Former efforts to extend the use of these instruments by varying the position of the two mirrors or adding a third had not met with success. For this reason Amici came up with the idea of substituting the mirrors with prisms, and precisely with two rectangular isosceles prisms, one mobile on the alidade that bears the vernier, the other fixed to the plane of the graduated limb. The result was very gratifying, but the possibility of constructing other sectors and even full circles with larger prisms met with the insurmountable obstacle of finding clear, non-striated glass. The Baron helped him repeatedly by writing to Munich first to Utzschneider and then to Ertel. Fraunhofer replied on 16 October, 1824, after more than a year and a half of silence. He sent the requested glass, but he also firmly refused to furnish more in the future.
Amici thus began looking at the traditional mechanisms of mirrors, in the hope of obtaining some improvement in their various arrangements. He discovered that just two mirrors placed over an entire circle instead of a sector offered some of the advantages he was looking for. Still in 1824 he created a circle that he called repeating circle and that he took with him, along with other instruments, during his trip in 1827 to Paris and London. In this latter city he was able to compare his instrument with a rough construction with two mirrors set at angles made by Troughton.
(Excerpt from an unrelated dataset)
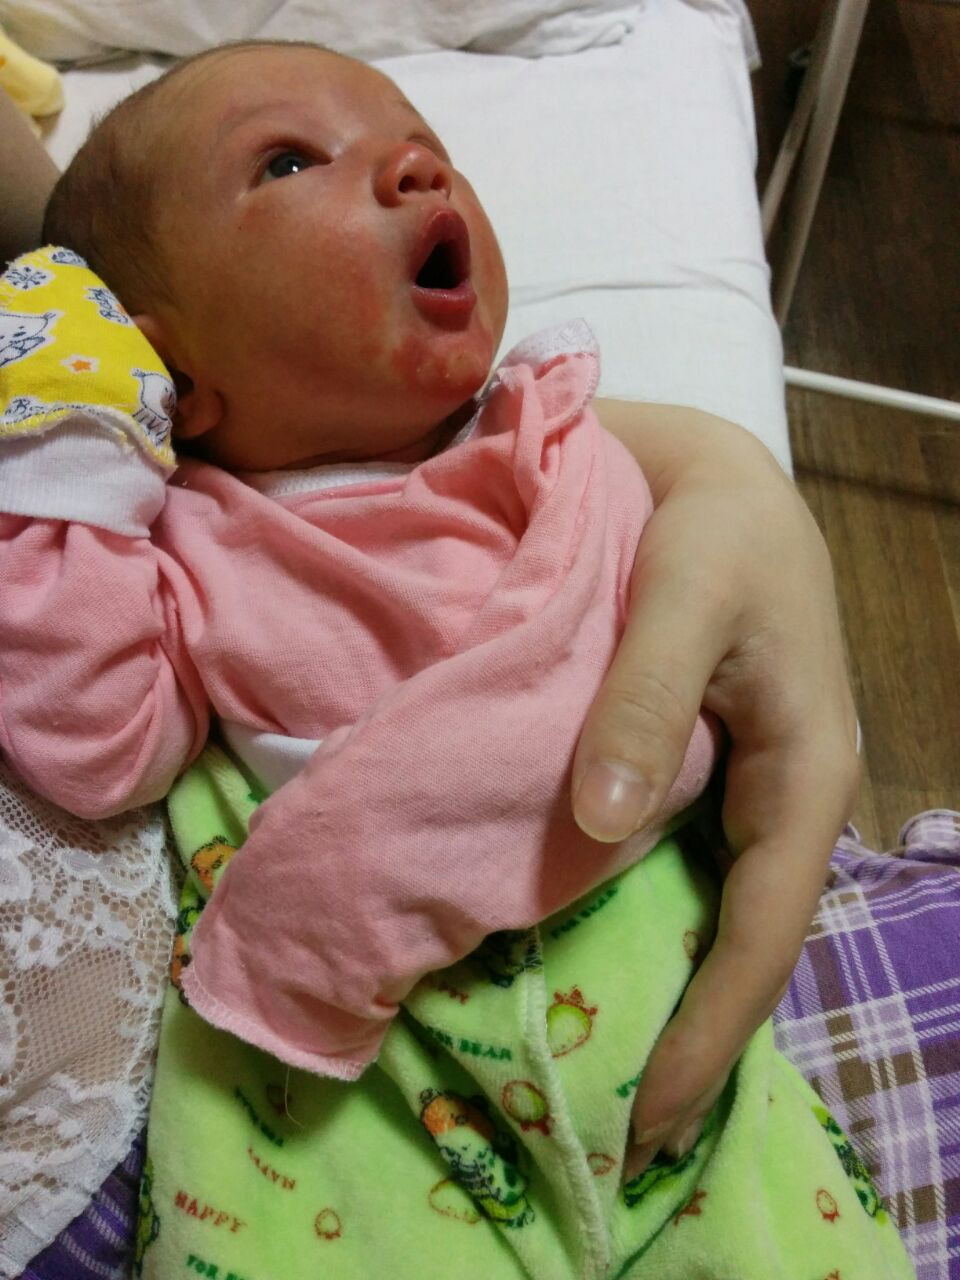 Проблемы со стулом у новорожденного на искусственном вскармливании до 1 месяца

The idea of having two flat mirrors rotate one over the other in order to measure angles was attributed by many authors to Caleb Smith, who had proposed an octant that was still named after him based on that principle. The same Smith had suggested that mirrors and prisms could be used indifferently for his instrument. Amici did not know of this in 1822 when he described his sector; he learned of it only in 1835. A letter from his son Vincenzo, dated 15 May, from Pisa, brought him the information he had requested about mirror and prism octants, and in particular about the octants of Caleb Smith and of Hadley. The information was taken from Astronomie des Marins, published in Avignon in 1766, which itself referred to another work which Amici had been looking for, Mémoires de Mathématiques et de Physique redigés à l’Observatoire de Marseille, published in 1755.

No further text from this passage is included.